_GIVEN RECORDS_:
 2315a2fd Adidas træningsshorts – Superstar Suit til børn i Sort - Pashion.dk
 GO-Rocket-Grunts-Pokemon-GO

==

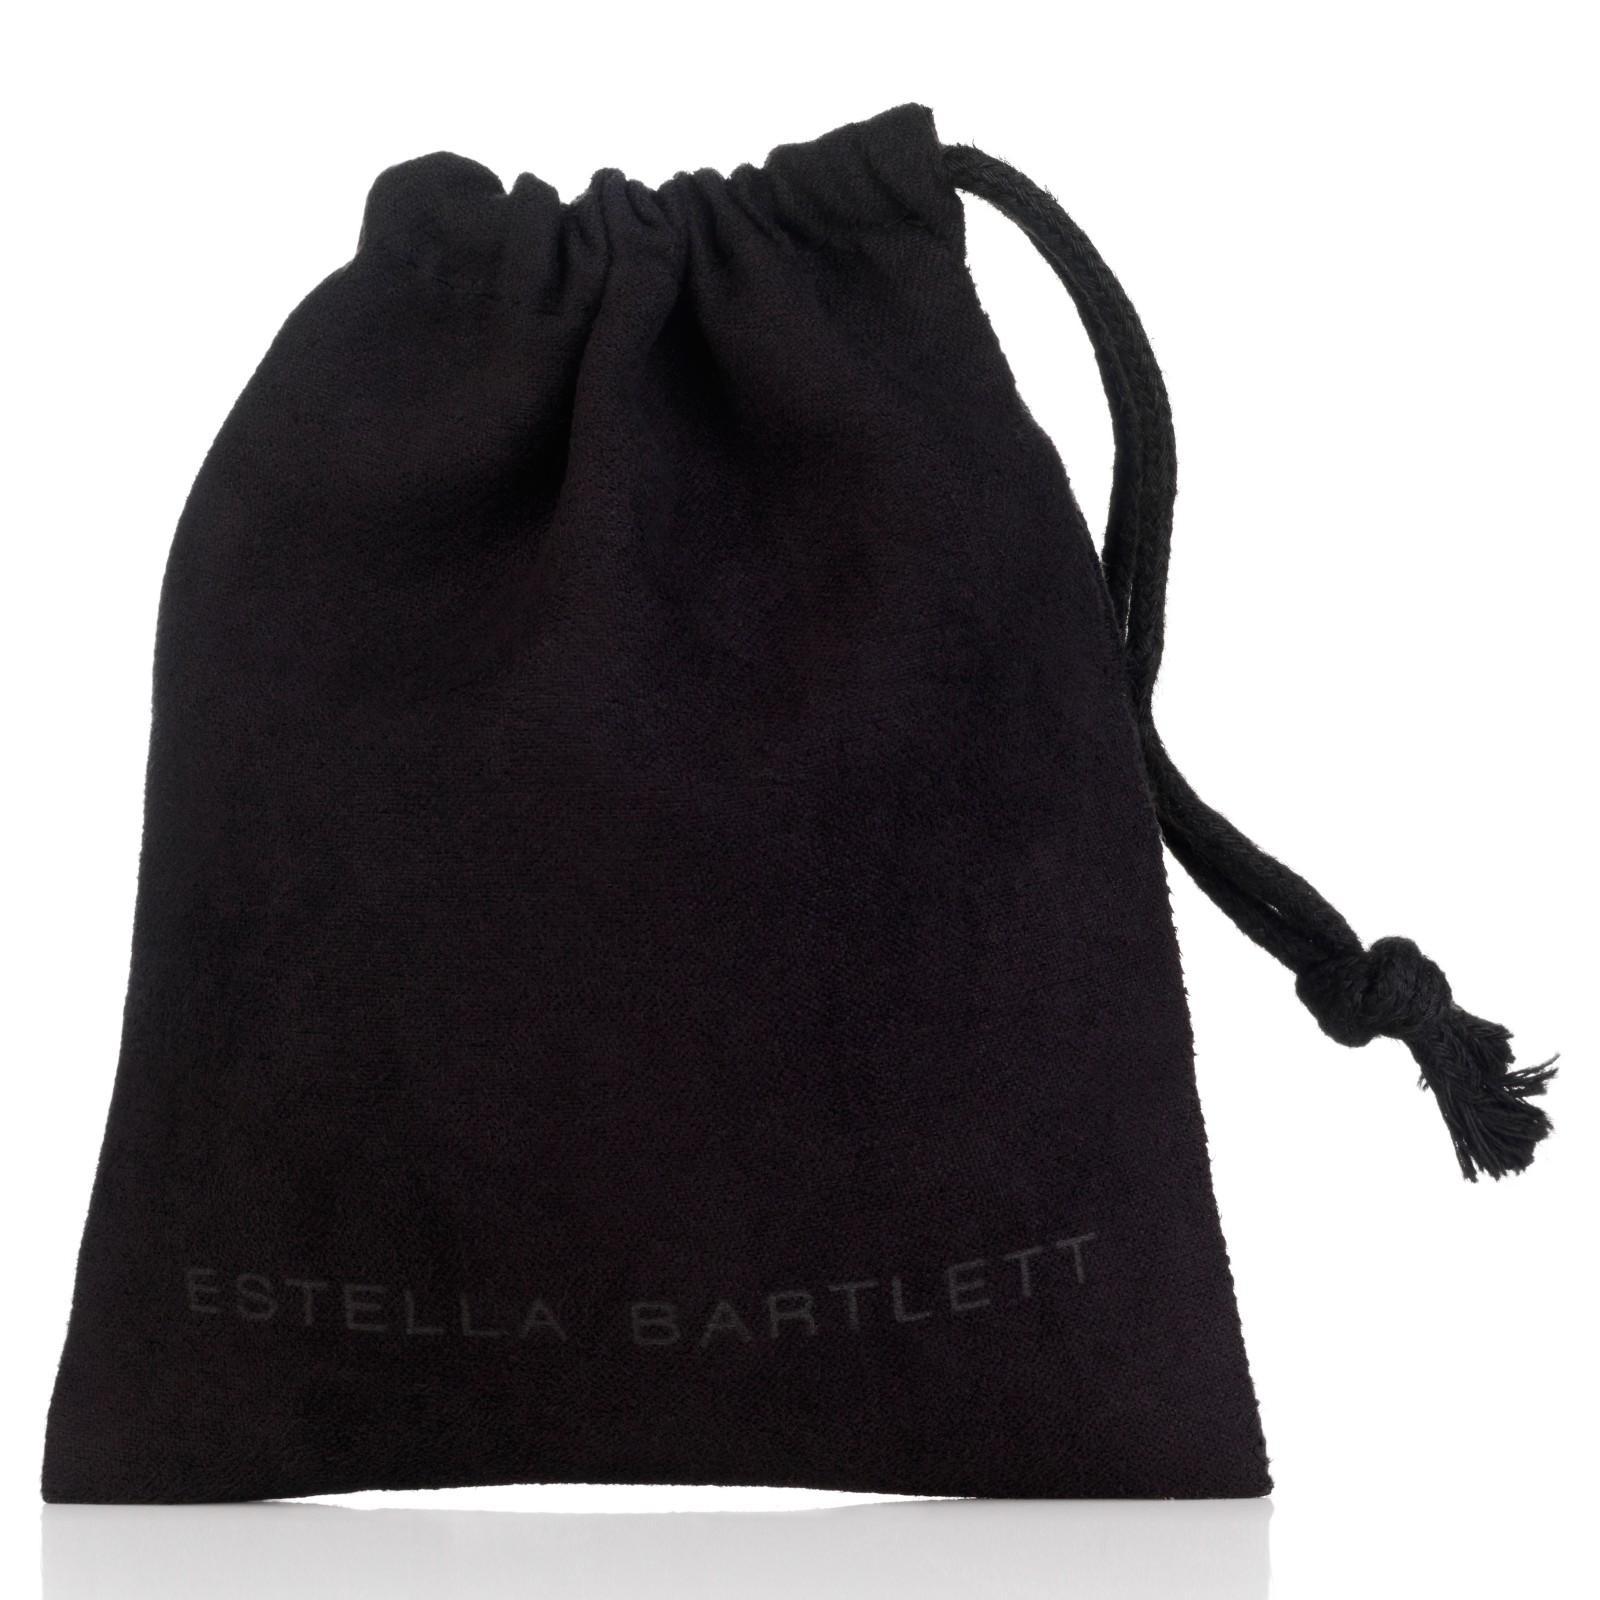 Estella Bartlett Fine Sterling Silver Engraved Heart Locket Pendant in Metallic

_THE PROBLEM_:
Look above for the line containing "2315a2fd Adidas træningsshorts". Output from there through the line containing "GO-Rocket-Grunts-Pokemon-GO", exactly and inclusively.

_ANSWER TO THIS EXERCISE_:
 2315a2fd Adidas træningsshorts – Superstar Suit til børn i Sort - Pashion.dk
 GO-Rocket-Grunts-Pokemon-GO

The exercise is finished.